Improving on Ramanujan's and some other estimates, :cite:`Chen16` obtained the following result.
.. admonition:: Theorem (2016)
:class: thm-tme-emt
For :math:`x \geq 2`, we have
:math:`\displaystyle 1 - \frac{2117}{5080320x^7}\leq \ \frac{\Gamma(x+1)}{\sqrt{2\pi x}\left(\frac{x}{e}\right)^x \left( 1 + \frac{1}{12x^3+\frac{24}{7}x - \frac{1}{2}} \right)^{x^2+\frac{53}{210}}} \ \leq \ 1 - \frac{2117}{5080320x^7} + \frac{1892069}{2347107840 x^9}`.

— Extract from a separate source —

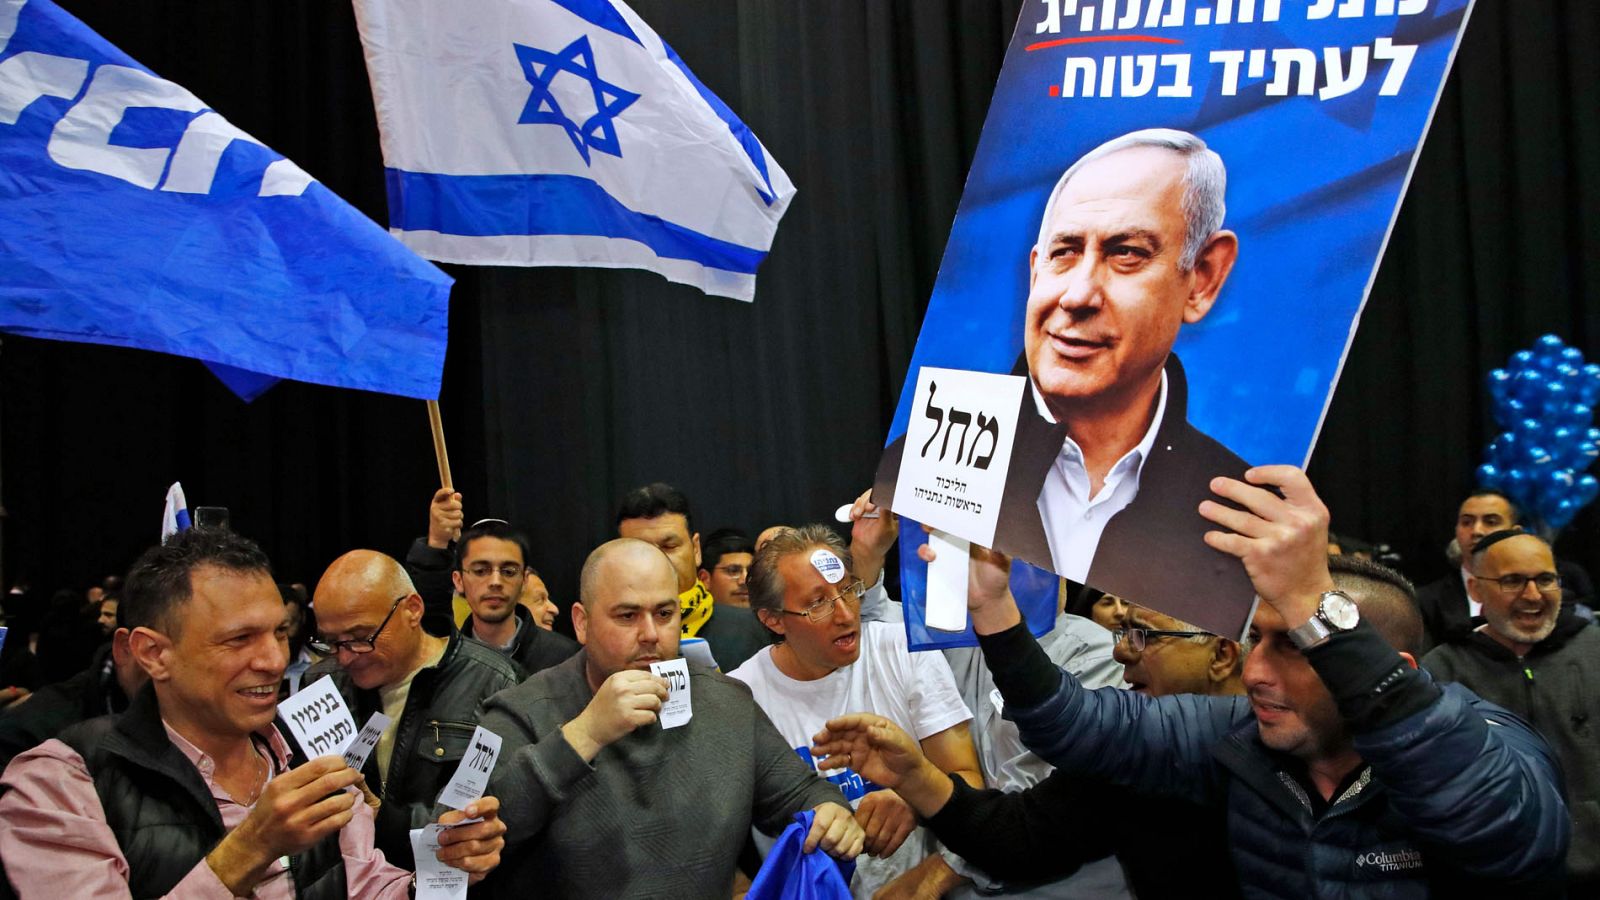 Elecciones Israel | Netanyahu, a un escaño de la mayoría absoluta, según los primeros sondeos - RTVE.es

Meanwhile, :cite:`Batir08` presented some estimates for :math:`\Gamma(x)` of certain shapes with optimal constants.
.. admonition:: Theorem (2008)
:class: thm-tme-emt
For :math:`x > 0`, :math:`a = \sqrt{2e} = 2.33164`, and :math:`b = \sqrt{2\pi} = 2.50662...` we have
:math:`\displaystyle a\left( \frac{x+1/2}{e}\right)^{x+1/2} \leq \Gamma(x+1) < b\left( \frac{x+1/2}{e}\right)^{x+1/2}`.
The constants :math:`a` and :math:`b` are the best possible.
.. admonition:: Theorem (2008)
:class: thm-tme-emt
For :math:`x \geq 1`, :math:`a = 1/6`, and :math:`b = \frac{e^2}{2\pi} - 1 = 0.176005...` we have
:math:`\displaystyle x^xe^{-x} \sqrt{2\pi(x+a)} < \Gamma(x+1) < x^xe^{-x} \sqrt{2\pi(x+b)}`.
The constants :math:`a` and :math:`b` are the best possible.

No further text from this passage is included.